2.2 Locking Mechanisms

Rule: All shared resources must be consistently protected.

Shared resources requiring protection:

Global/static variables
Class member variables
Heap-allocated objects shared between threads

Lock types:

std::mutex

std::shared_mutex

SpinLock

Anti-pattern:

cpp

// ❌ VULNERABLE: Inconsistent protection
class Service {
    std::map<int, Data> dataMap_;
    std::mutex mutex_;

    void Update(int key, const Data& data) {
        std::lock_guard<std::mutex> lock(mutex_);
        dataMap_[key] = data;
    }

    Data Lookup(int key) {
        // ❌ NO LOCK - race condition with Update
        return dataMap_[key];
    }
};

Required pattern:

cpp

// ✅ SECURE: Consistent protection
class Service {
    std::map<int, Data> dataMap_;
    std::mutex mutex_;

    void Update(int key, const Data& data) {
        std::lock_guard<std::mutex> lock(mutex_);
        dataMap_[key] = data;
    }

    Data Lookup(int key) {
        std::lock_guard<std::mutex> lock(mutex_);
        return dataMap_[key];
    }
};

2.3 Deadlock Prevention

Rule: Assess deadlock risk in nested lock scenarios.

Deadlock conditions:

Multiple locks acquired in different orders by different code paths
Lock held while calling external function that might acquire locks

Anti-pattern:

cpp

// ❌ VULNERABLE: Deadlock risk
void Path1() {
    std::lock_guard<std::mutex> lock1(mutex1_);
    std::lock_guard<std::mutex> lock2(mutex2_);  // Order: 1 then 2
}

void Path2() {
    std::lock_guard<std::mutex> lock2(mutex2_);
    std::lock_guard<std::mutex> lock1(mutex1_);  // Order: 2 then 1 → DEADLOCK
}

Required pattern:

cpp

// ✅ SECURE: Consistent lock order
void Path1() {
    std::lock_guard<std::mutex> lock1(mutex1_);
    std::lock_guard<std::mutex> lock2(mutex2_);  // Order: 1 then 2
}

void Path2() {
    std::lock_guard<std::mutex> lock1(mutex1_);  // Same order: 1 then 2
    std::lock_guard<std::mutex> lock2(mutex2_);
}

2.4 TOCTOU (Time-of-Check to Time-of-Use)
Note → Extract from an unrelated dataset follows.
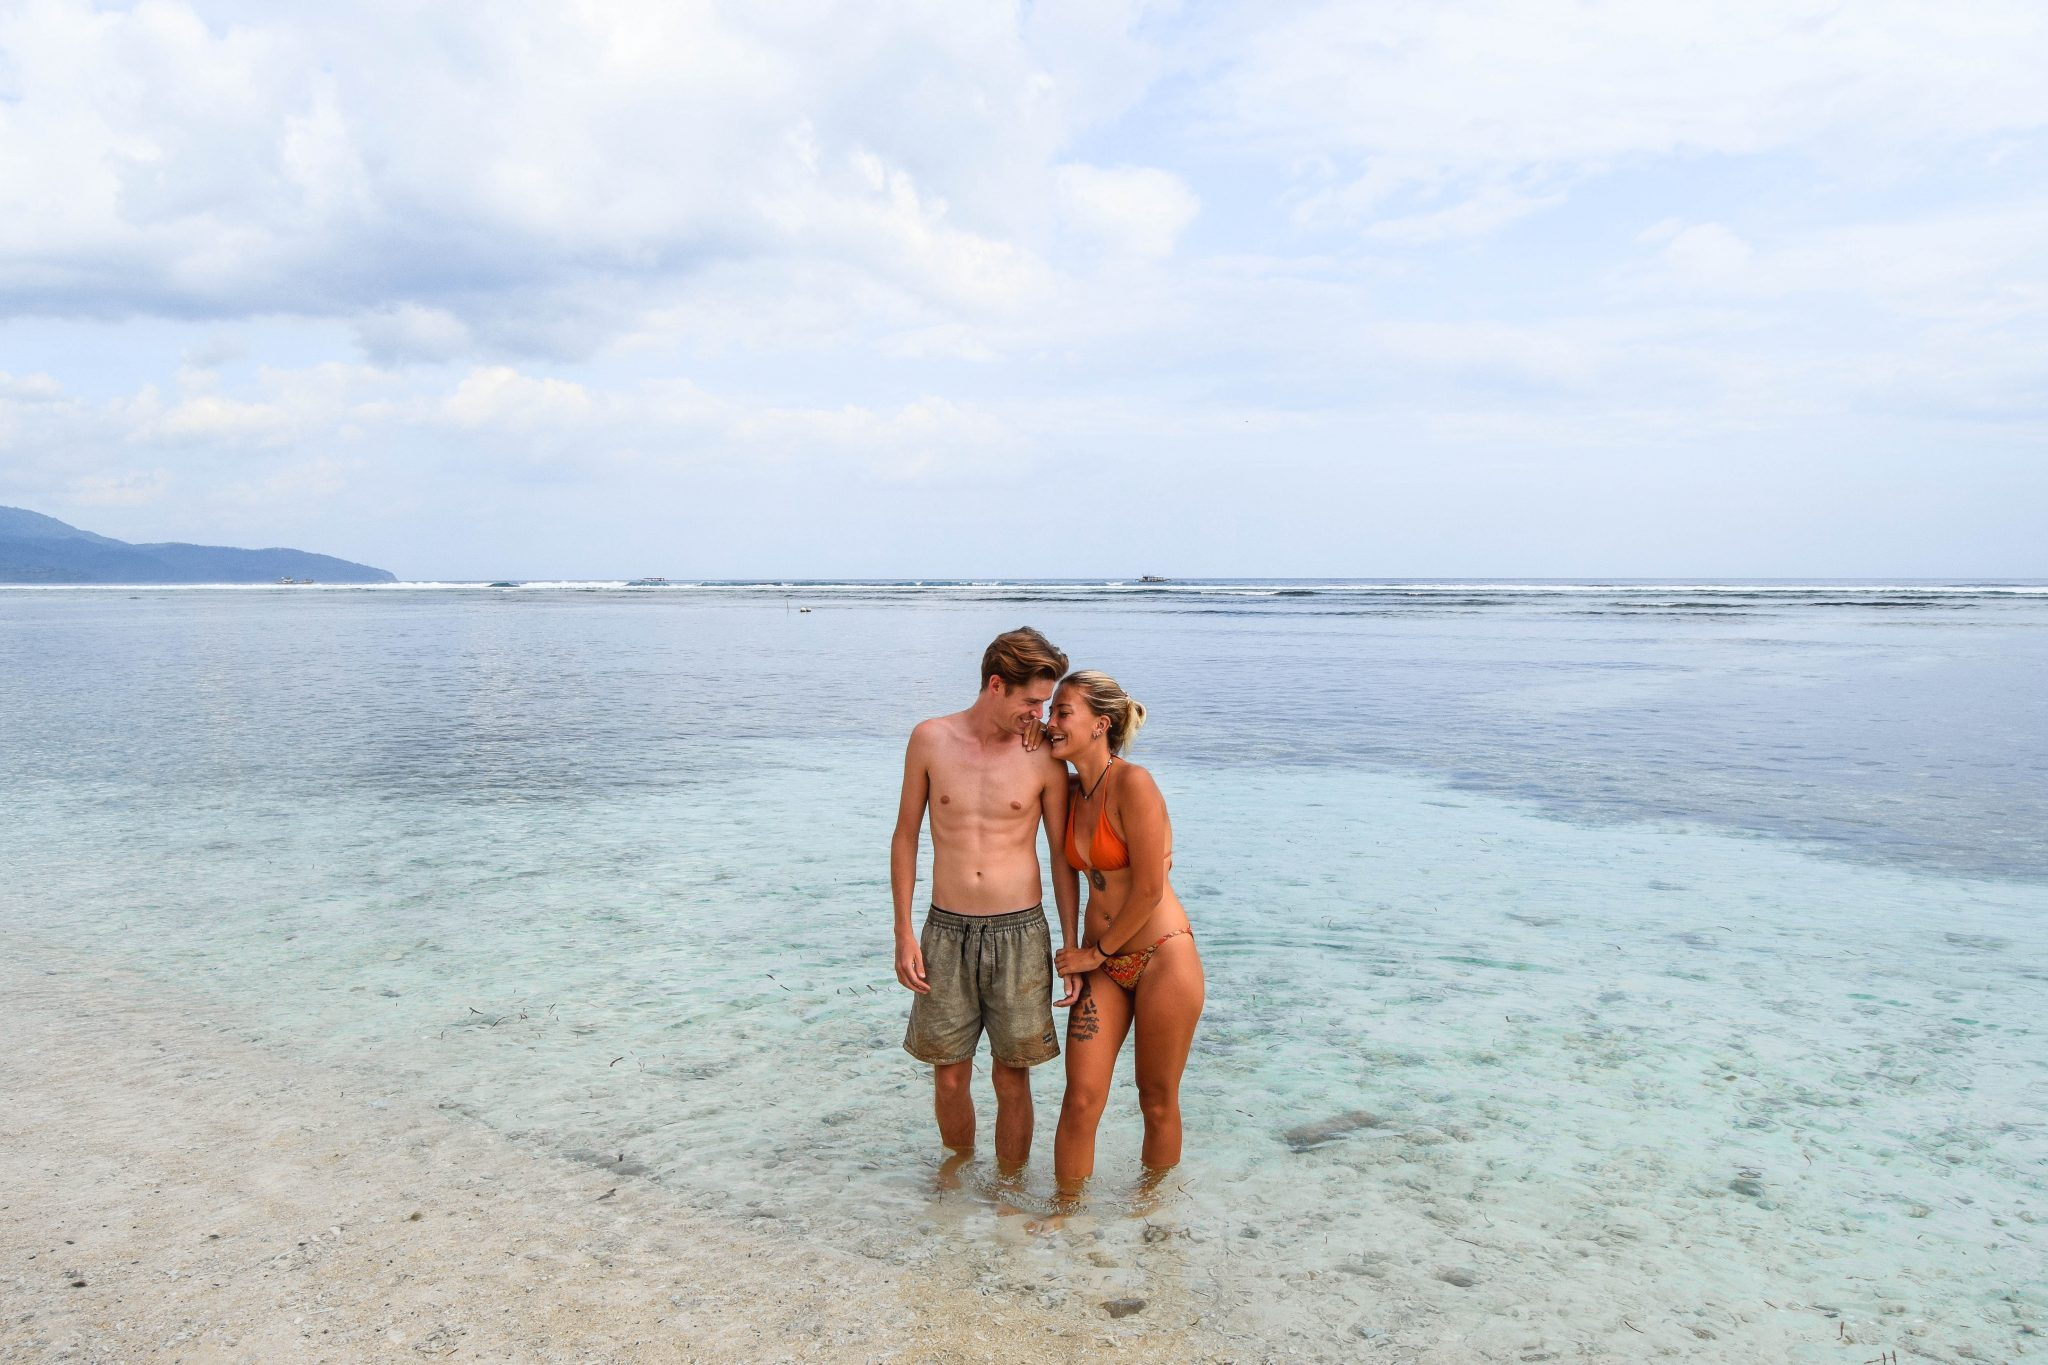 Wanderers & Warriors - Charlie & Lauren UK Travel Couple - Things To Do On Gili Trawangan - things to do gili islands

Rule: State checks must be immediately followed by dependent action without gaps.

Anti-pattern:

cpp

// ❌ VULNERABLE: TOCTOU window
if (fileExists(path)) {
    // Attacker can delete/replace file here
    file = openFile(path);  // May open different file
}

Required pattern:

cpp

// ✅ SECURE: Atomic check-and-use
file = openFile(path);
if (file.isValid()) {
    // Use file
}

3. Sensitive Information Protection

3.1 Strict PII Redaction

Rule: Logging must redact all Personally Identifiable Information (PII).

PII requiring redaction:

User privacy: Phone numbers, contacts, SMS content, biometric data
Input events: Raw KeyEvents, touch coordinates (x, y), screen position bounds (Rect)

Anti-pattern:

cpp

// ❌ VULNERABLE: Logs PII
HILOG_INFO("Phone: %{public}s", phoneNumber.c_str());
HILOG_ERROR("Touch at (%{public}d, %{public}d)", x, y);

Required pattern:

cpp

// ✅ SECURE: Redact or suppress
HILOG_INFO("Phone: %{private}s", phoneNumber.c_str());  // Redacted
// Better: Don't log PII at all
HILOG_INFO("Processing phone number");

Policy: Prefer complete suppression in release builds. Use

%{private}

format specifier only when absolutely necessary for debugging.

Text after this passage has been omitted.